Hey there, bargain hunter.
The model everyone copied just changed the rules.
Today, Michael Saylor’s Strategy announced what it calls a Digital Credit Capital Framework. The short version: for the first time in the company’s history, the board has formally authorized selling Bitcoin. Not just theoretically. Specifically. Up to $1.25 billion worth, to fund a cash reserve, pay preferred dividends, and buy back shares.
This is not a minor tweak. This is the company that built the entire corporate Bitcoin treasury movement admitting, in plain language, that its financing structure has hit a wall.
Here’s the thing. The reason this matters goes well beyond Strategy itself.
What actually broke
Strategy’s preferred shares, particularly STRC, have been falling apart. At the start of 2026, annual dividend obligations sat around $300 million. By mid-June, they had ballooned to $1.2 billion — a near fourfold jump in under six months. The cash reserve, meanwhile, had shrunk. The math stopped working.

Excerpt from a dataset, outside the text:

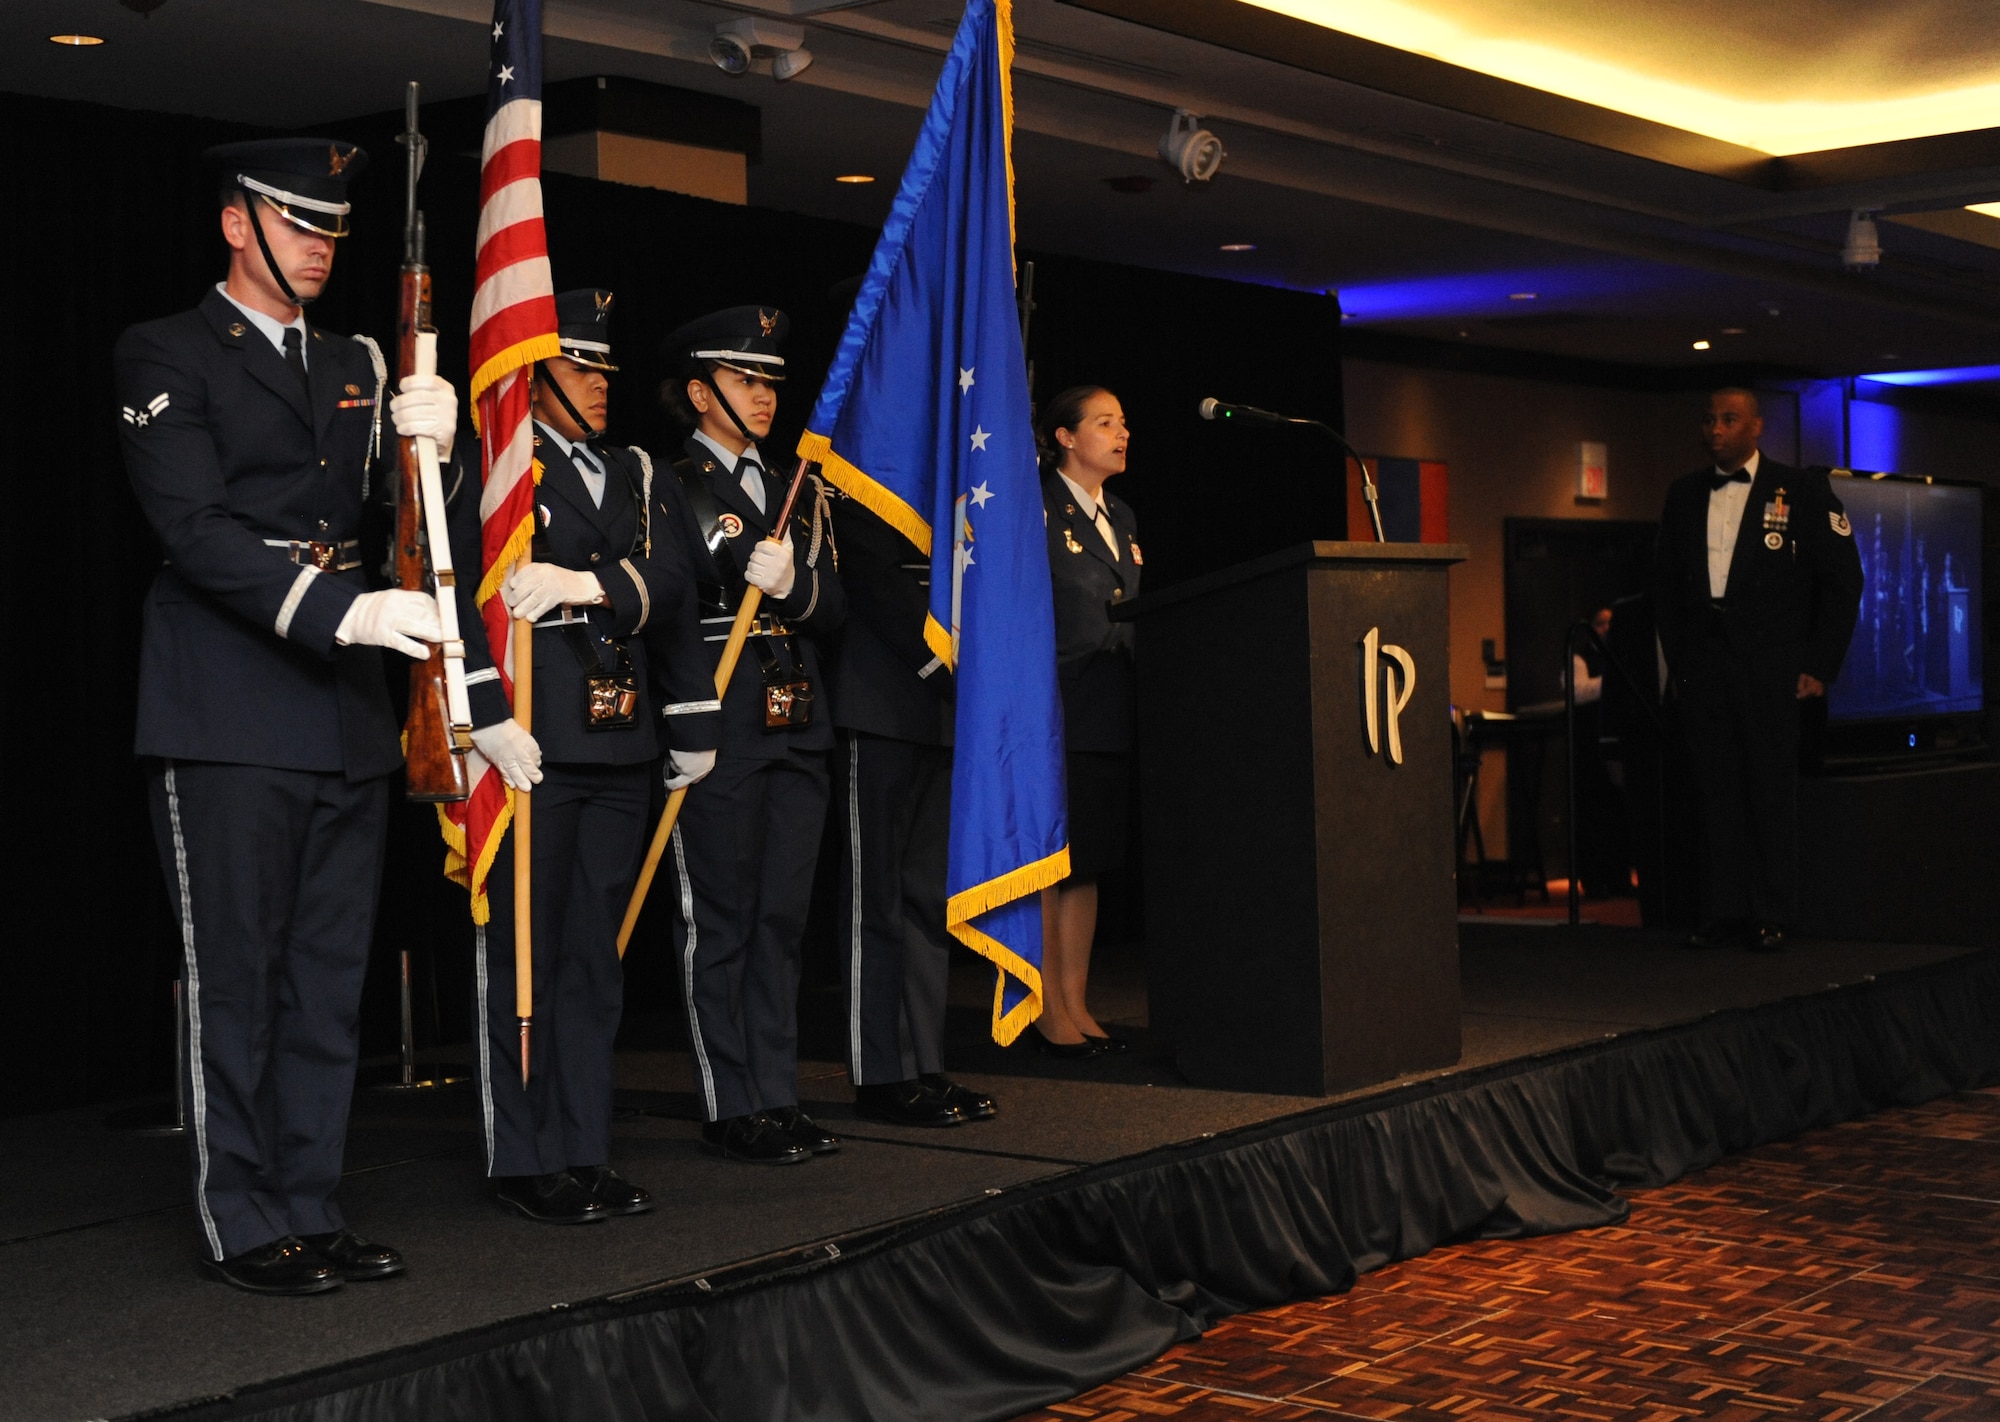 Members of the Keesler Air Force Base Honor Guard present the colors during the playing of the national anthem during the Keesler Air Force Ball at the Imperial Palace Casino Sept. 24, 2016, Biloxi, Miss. The event was sponsored by the Air Force Association John C. Stennis Chapter #332 to celebrate the Air Force’s 69th birthday and the base’s 75th anniversary. (U.S. Air Force photo by Kemberly Groue/Released)

Then last Friday, something really significant happened. Strategy’s mNAV — the ratio of its enterprise value to its Bitcoin holdings — dropped below 1.0. That ratio was the entire bull case. It allowed Strategy to raise capital at a premium to its Bitcoin holdings and plow the proceeds back into more Bitcoin. Below 1.0, that loop closes.
MSTR stock has fallen roughly 82% from its July 2025 peak of $455.90. The preferred instrument STRC traded as low as $71.25 last week, nearly 29% below its $100 par value.
The new framework has five parts: a board-approved USD reserve policy requiring 12 months of minimum coverage at all times, a 50 basis point dividend increase on STRC to 12%, a $1 billion buyback program for digital credit securities, a $1 billion buyback for common stock, and the Bitcoin monetization program itself. Combined, the $2.55 billion reserve and $1.25 billion in authorized BTC sales give Strategy roughly $3.80 billion in total liquidity coverage — about 25.9 months of preferred dividend and interest obligations.
The stock bounced. MSTR was up as much as 6.5% early in the session. STRC jumped 9%. Bitcoin briefly crossed $60,400.
But here is the part people are skipping
This is not just a Strategy story. There are now 199 public companies that have adopted some version of a Bitcoin treasury accumulation model. Most of them copied the original playbook: issue equity or debt, buy Bitcoin, watch the premium on your shares compound, repeat. That loop only worked because Strategy’s mNAV stayed above 1. It was the proof of concept for the entire template.
With mNAV below parity and Strategy now selling BTC rather than buying it, every company that followed this model has to ask a harder question about its own sustainability.
Slight tangent, but it matters: Bitcoin itself is not just a Strategy story anymore. As concerns mount over Strategy’s ability to keep raising capital on attractive terms, investors are reassessing one of the cryptocurrency’s biggest sources of incremental demand. That’s a second-order effect worth watching.
The bears will say this is the beginning of a forced unwind. The bulls will say the new framework actually reduces tail risk by capping obligations and formalizing liquidity. Both can be right in different timeframes.
Bitcoin fell 23% in Q4 2025, followed by a 22% decline in Q1 2026, with Q2 2026 down around 12% so far — the intensity of the selling has been fading. Whether that trend holds into Q3 is the real variable now.
What I’d be watching: how STRC trades over the next two weeks. If it gets back above $90, the market is buying the recapitalization story. If it drifts back toward $75, the market is saying the framework isn’t enough. That preferred stock is the most honest signal in this whole situation.
The question nobody can fully answer yet: if the biggest corporate Bitcoin buyer is now a seller, who fills that demand gap next?